Brazilian tourism is experiencing a period of expansion. More guides are becoming formally registered, more agencies are structuring themselves, and more destinations are being discovered by Brazilian and foreign tourists. According to data from the Ministry of Tourism (MTUR, 2025), between 2023 and 2025 the number of registrations in Cadastur increased from 157,321 to 188,625 — a growth of almost 201% of the total number of jobs in the country, with tourism agencies and guides standing out. Today, Brazil already has more than 37,000 registered tourist guides (AGÊNCIA CIDADES, 2025), and the sector accounts for approximately 8 million jobs in the country, equivalent to 8.11% of all formal employment nationwide (AGÊNCIA CIDADES, 2025).
In other words, on paper, tourism has never been so formalized. Cadastur (the Brazilian Tourism Registry) grows year after year, legal requirements advance, and the profession of tour guide gains increasing institutional recognition—including its own national day, established by Law No. 14.971/2024 (AGÊNCIA CIDADES, 2025). But there is a layer of the business that these numbers don't show, and which will hardly appear in any official formalization report. It is precisely this invisible layer that Girus has been closely observing and wants to understand better.

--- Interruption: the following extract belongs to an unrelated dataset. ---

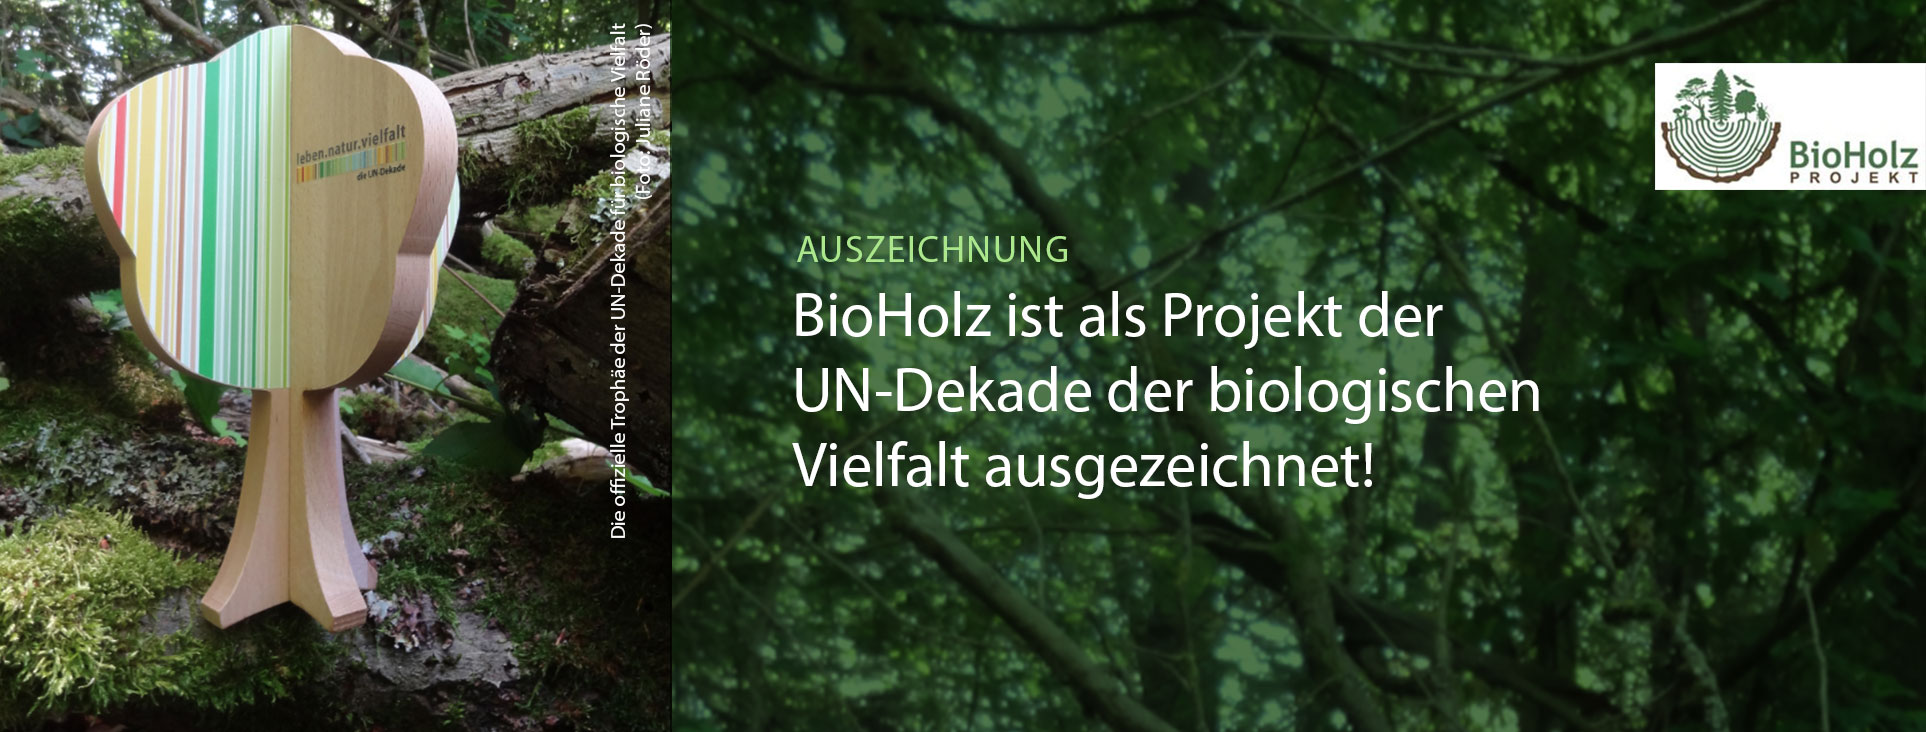 Das Foto zeigt die offizielle Trophäe der UN Dekade für biologische Vielfalt und symbolisiert ein Holzbäumchen. Im Hintergrund ist Totholz zu sehen.

Formalized in the registry, informal in daily practice.
Having a registration with Cadastur says a lot about the regularization of the activity: it proves that the professional meets the legal requirements, has recognized technical training, and is authorized to work. What this registration doesn't say is how this guide, or agency, organizes the most practical and crucial aspects of the business on a daily basis: the schedule, reservations, staff availability, and communication with the client.
And it is precisely at this point that informality still dominates a large part of the sector—not the informality of documentation, which has been consistently decreasing according to the Ministry of Tourism's own data, but the operational informality, the kind that doesn't appear in any statistics because it happens on each guide's cell phone, in WhatsApp conversations, in notebooks and spreadsheets scattered around. In practice, we observe—both in our direct work with municipalities, agencies, and tourism service providers, and in informal conversations with the market itself—a routine marked by:
- Schedules controlled by WhatsApp messages, spread across various contacts and different groups.
- Notebooks, notepads, or makeshift spreadsheets as the sole source of truth regarding reservations.
- Availability of guides decided "on the spur of the moment" or resolved by a last-minute phone call.
- Reservation confirmations are done manually, one by one, without a defined standard between the seller and the executor.
- Lack of any organized historical record regarding occupancy, revenue, or performance of the tours over time.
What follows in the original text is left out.